Job Description
Job Description
The Payer Configuration Specialist serves as a critical bridge between the Billing and Collections teams, ensuring efficient payer setup, accurate claim submission, and timely reimbursement. This role requires deep knowledge of healthcare related accounting, AR software, state portals, healthcare insurance companies, and payer rules. The Specialist supports both teams through training, troubleshooting, special projects, and high-effort tasks that impact revenue cycle performance. The position plays a key role in reducing denials, resolving claim issues, collecting cash and driving process improvements to strengthen overall AR operations.
Key Responsibilities
- Research and resolve denied or underpaid claims, ensuring proper resubmission and appeals when necessary.
- Verify payer configurations to support clean claim submission and accurate reimbursement.
- Communicate with insurance representatives to clarify claim statuses, coverage issues, and payment discrepancies.
- Assist with the development and delivery of training for Billing and Collections team, ensuring alignment on payer rules and system workflows.
- Serve as a subject matter expert for payer portals, insurance requirements, and AR system configurations.
- Provide one-on-one guidance and coaching for complex claims or payer issues.
- Lead or participate in special projects, including payer migrations, system upgrades, and process redesign initiatives.
- Analyze payer trends to identify recurring issues and recommend workflow improvements to reduce denials and delays.
- Maintain accurate documentation of all claim activity, payer configuration changes, and collection efforts.
- Collaborate with billing, coding, and administrative teams to resolve claim issues and prevent recurring denials.
- Ensure compliance with HIPAA, state regulations, and payer requirements in all billing and collection activities.
Qualifications
- 3+ years of experience in Accounts Receivable, Medical Billing, or Collections, with direct experience working with Medicare, Medicaid, and commercial insurance payers
- Strong knowledge of insurance billing processes, payer requirements, claim resolution, and denial management.
- Proficiency with billing software, and AR systems.
- Exceptional analytical and problem-solving skills with a strong attention to detail.
- Strong communication skills, with the ability to interact professionally with patients, insurance representatives, and internal staff.
- Ability to manage multiple priorities, meet deadlines, and adapt in a fast-paced environment.
Language Skills: Ability to read, analyze, and interpret general health and social services guidelines, technical procedures or governmental regulations. Ability to write reports, health correspondence and procedure manuals. Ability to effectively present information and respond to questions from groups or patients, center staff, and the general public.

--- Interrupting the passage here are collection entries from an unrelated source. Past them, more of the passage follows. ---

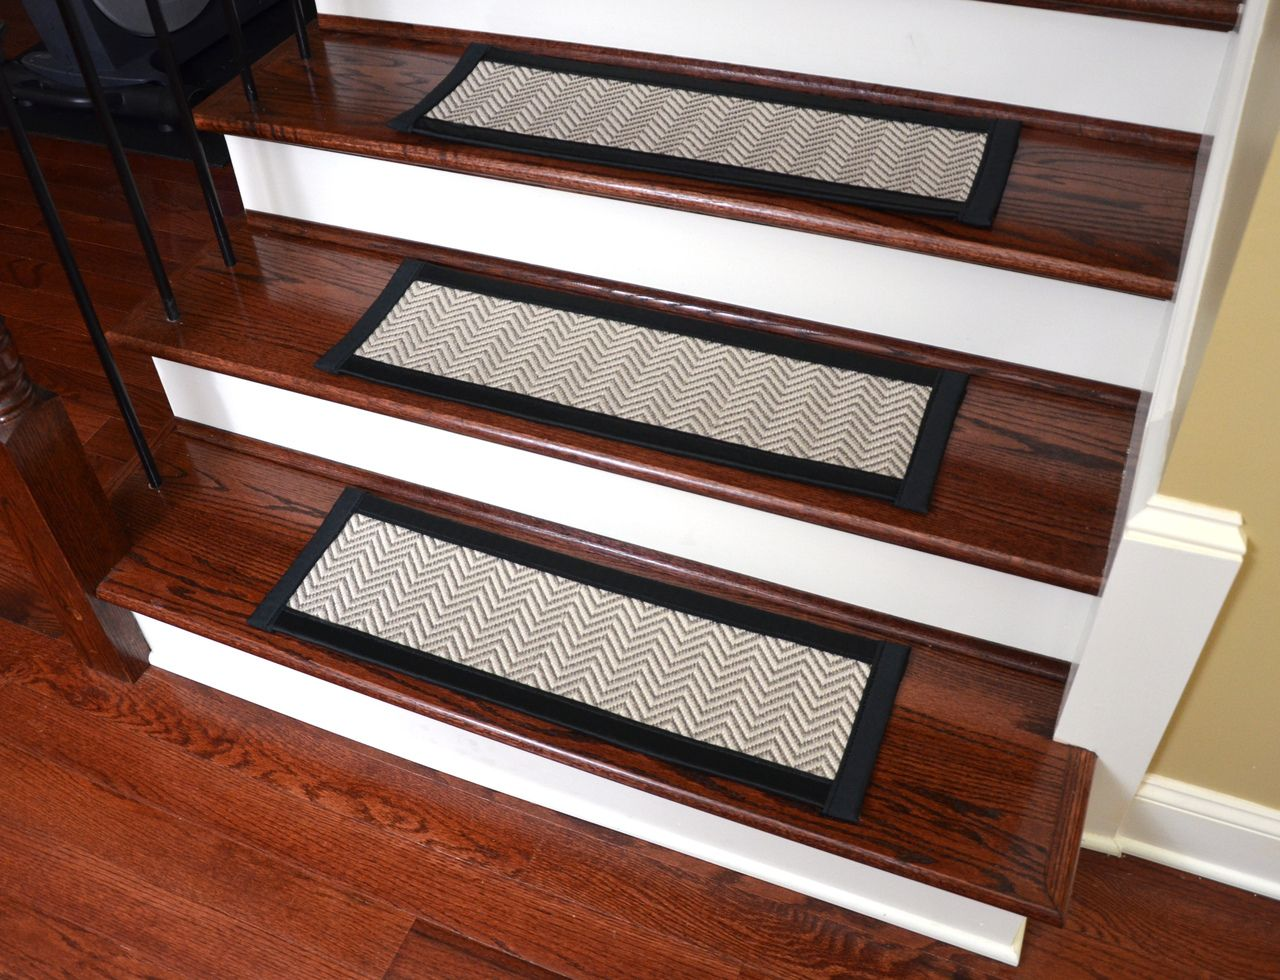 Best Dean Non Slip Tape Free Pet Friendly Dog Helper Stair 640 x 480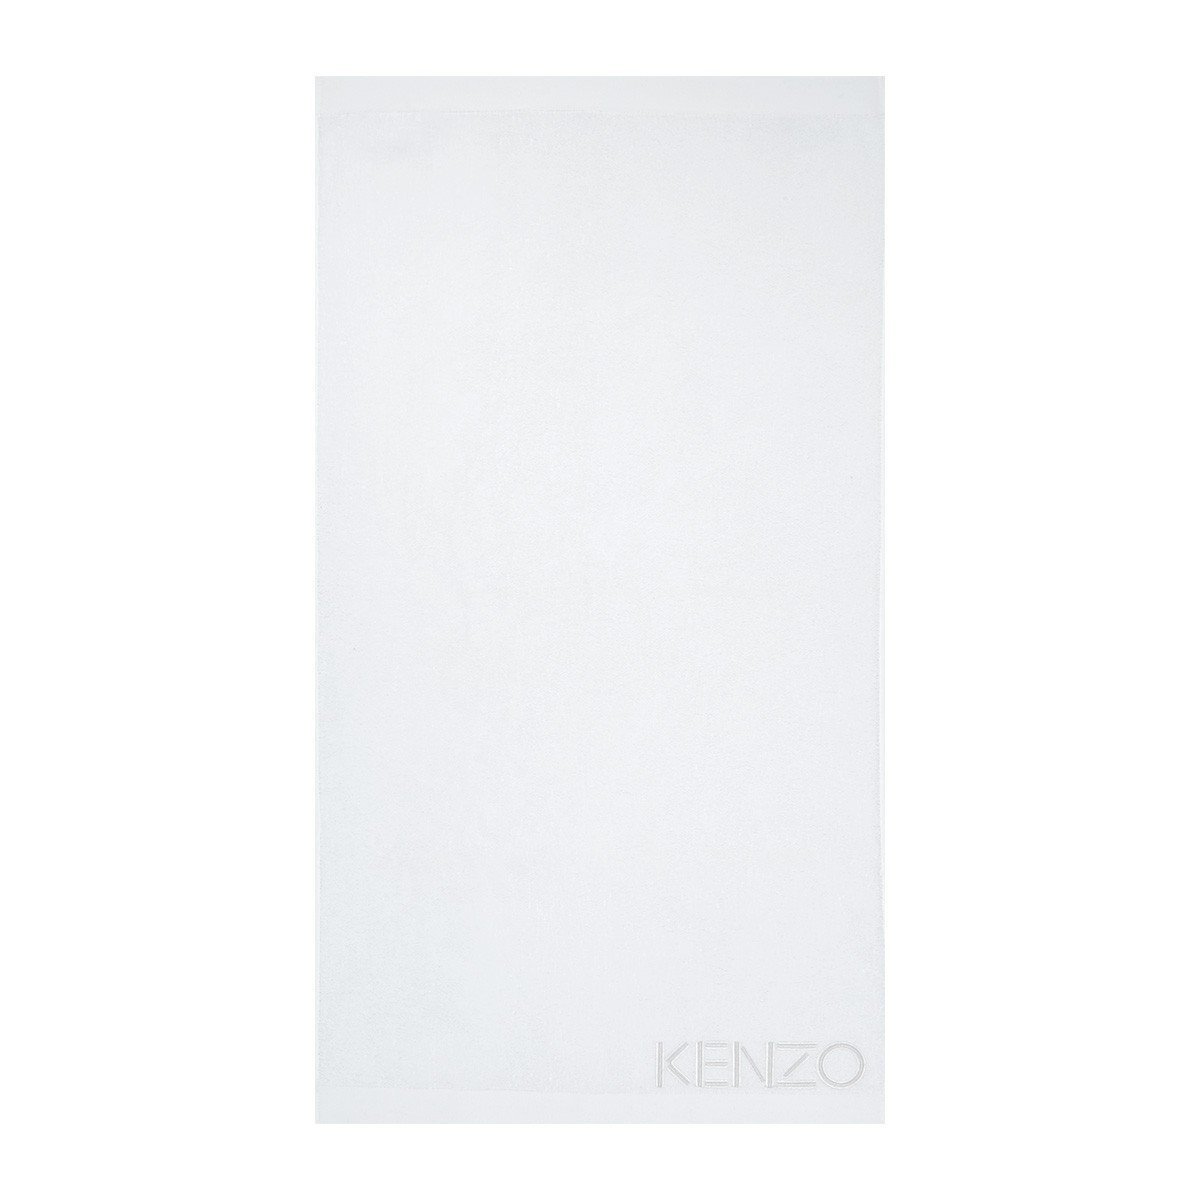 Iconic Bath Sheet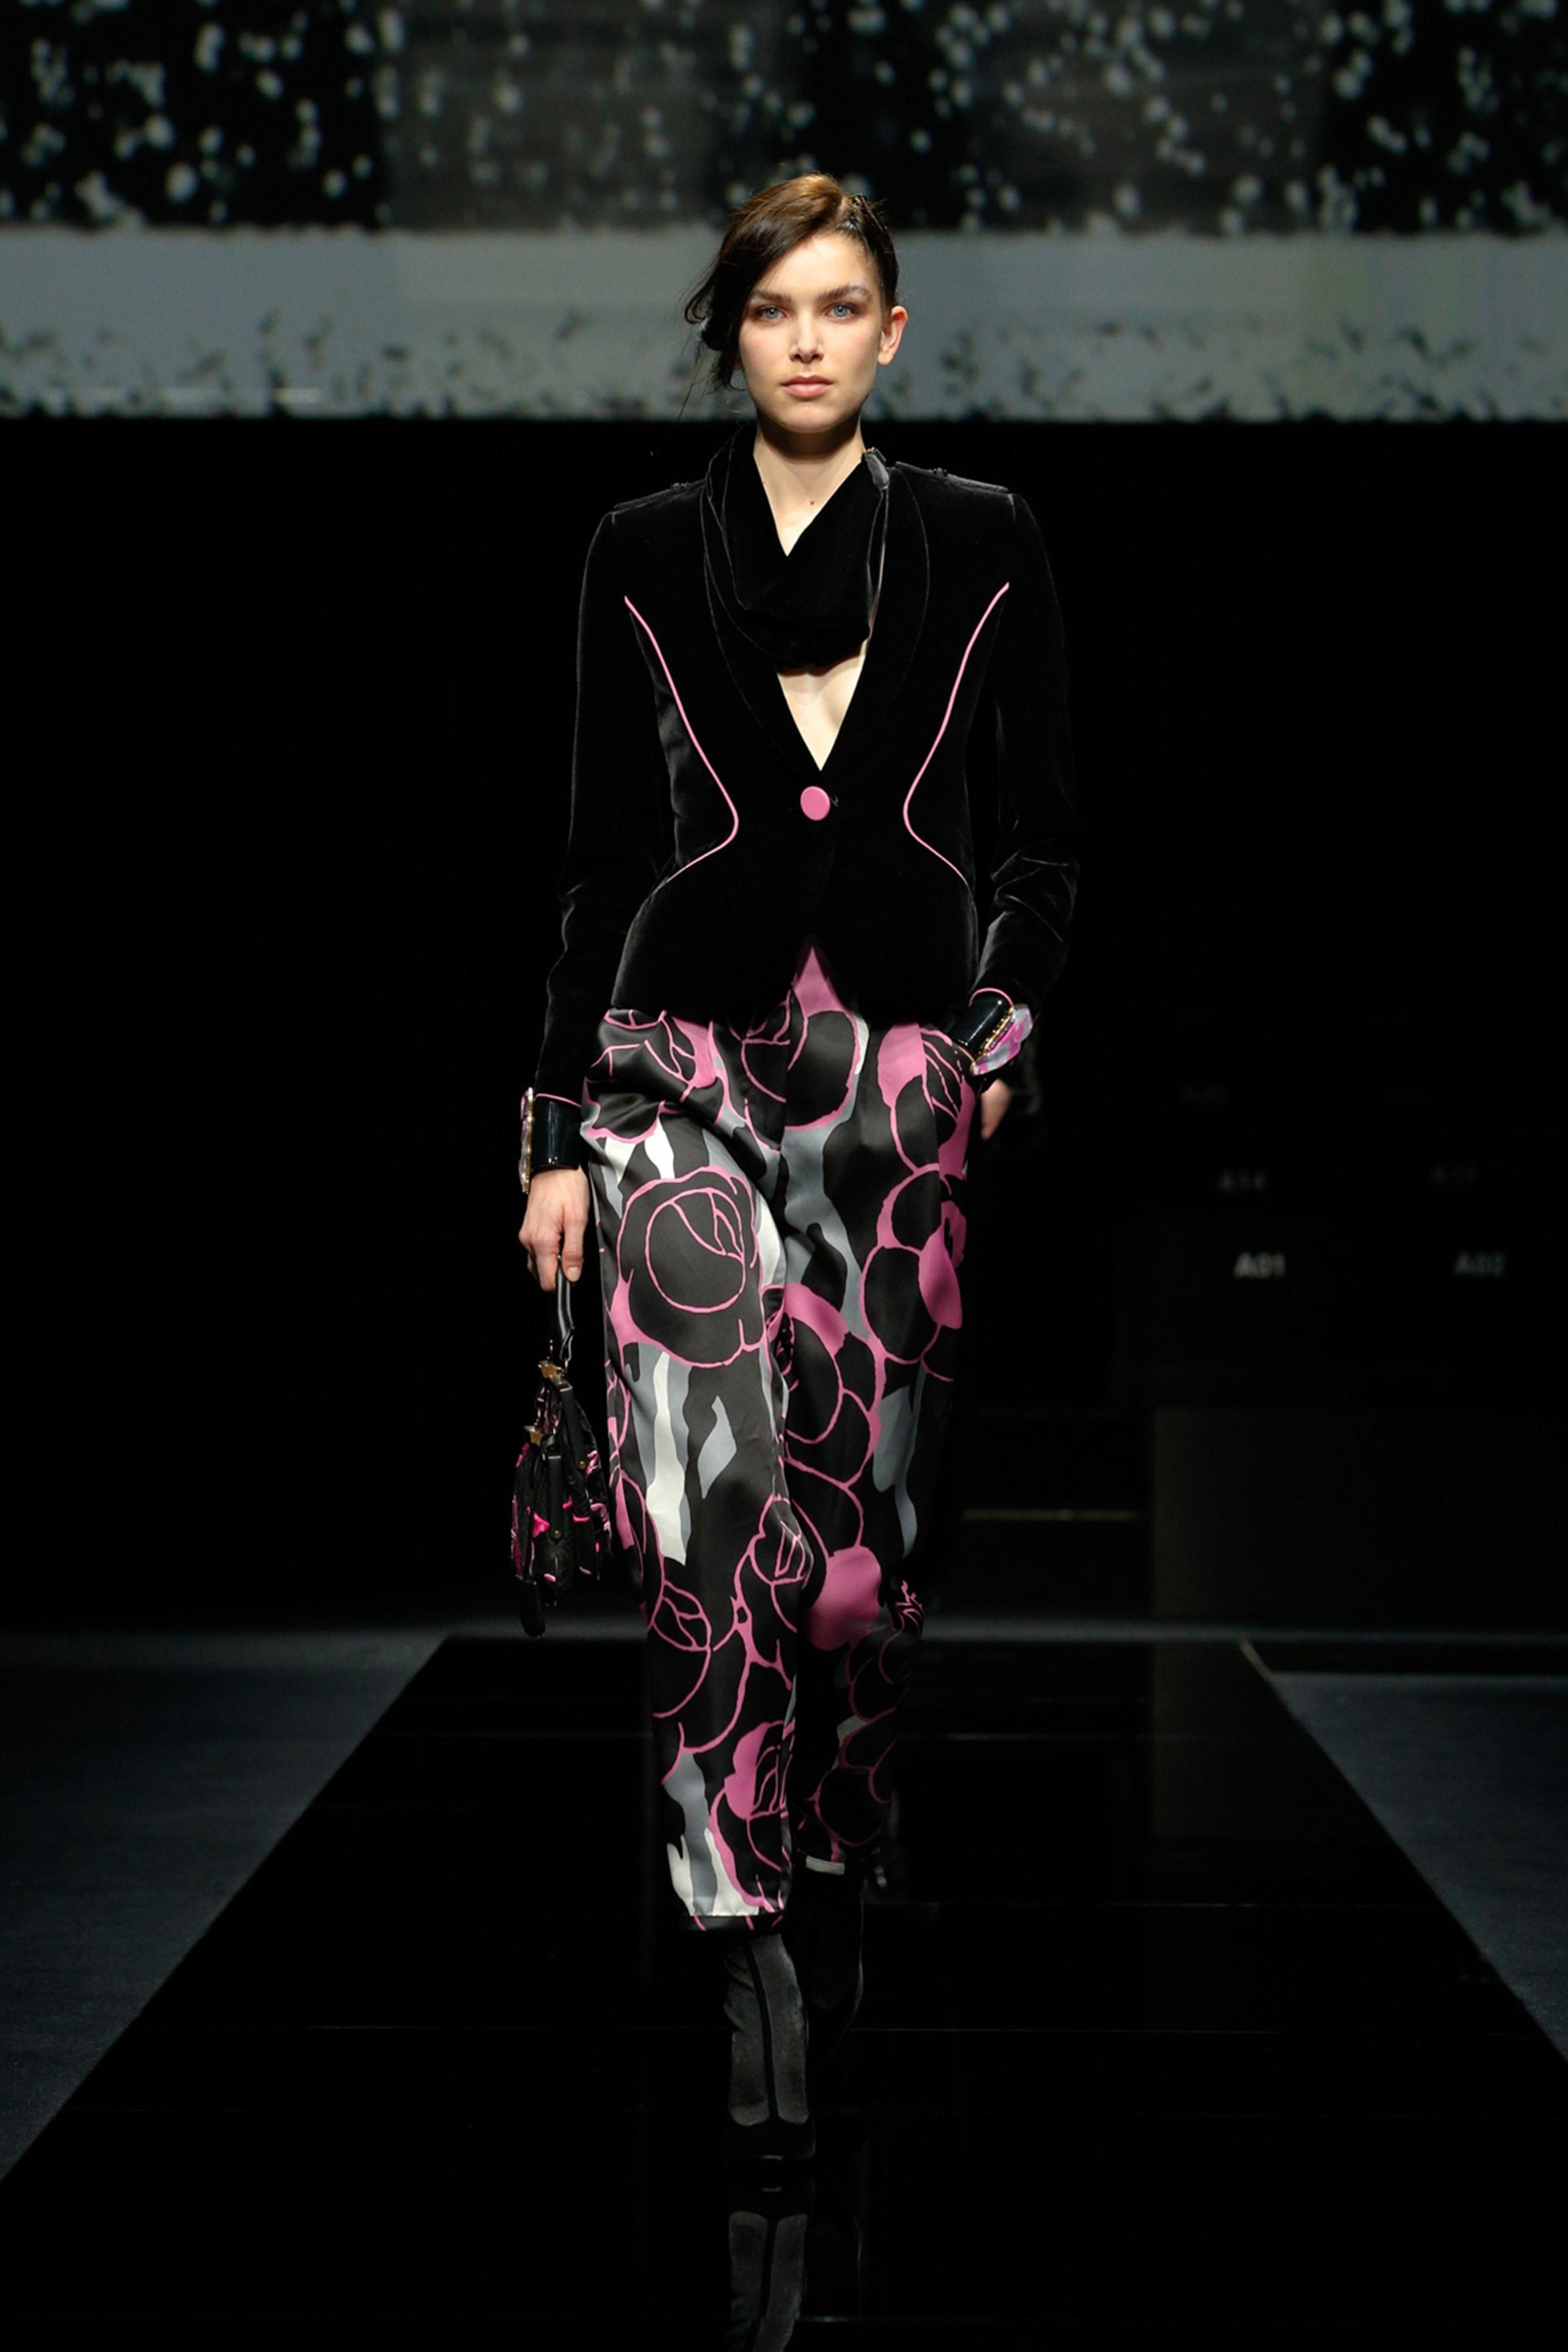 Khong co khach moi den Milan Fashion Week vi lo ngai virus corona hinh anh 2 g2.jpg

Mathematical Skills: Ability to add, subtract, multiply, and divide in all units of measure, using whole numbers, common fractions.
Customer Relationships: Follow through with customer inquiries, requests and complaints. Forward difficult and non-routine inquiries or requests to appropriate level for resolution.
Work Environment: This job operates in a professional office environment. This role routinely uses standard office equipment such as computers, phones, photocopiers, filing cabinets and fax machines.
Physical Demands: The physical demands described here are representative of those that must be met by an employee to successfully perform the essential functions of this job. This is largely a desk-bound role with typical office noise; however, frequent movement throughout the office is required. Frequent sitting, standing, and walking are daily activities. Some bending and filing may be required (<10% of time). This would require the ability to lift files (<10 lbs.), open filing cabinets and bend or stand as necessary. Over 2/3 of Time: See; Sit; Use hands to finger/handle/feel; Talk or Hear.
Position Type: This is a full-time, non-exempt-level position based at Corporate headquarters.
Equal Opportunity Statement:
At GA Foods, we are deeply committed to the principles of equal employment opportunity. It is our policy that all employment decisions are made without discrimination based on race, color, religion, sex, sexual orientation, gender identity, national origin, age, genetics, disability, veteran status, or any other characteristic protected by local, state, or federal law. We base all employment decisions on merit, qualifications to perform the essential job functions (with or without reasonable accommodations), and business needs. GA Foods also provides affirmative action in employment for qualified individuals with disabilities and protected veterans, in compliance with Section 503 of the Rehabilitation Act and the Vietnam Era Veterans' Readjustment Assistance Act.
GA Food Services of Pinellas County, LLC (GA Foods) is proud to be a Drug-Free, Smoke-Free Workplace and an Equal Employment Opportunity Employer.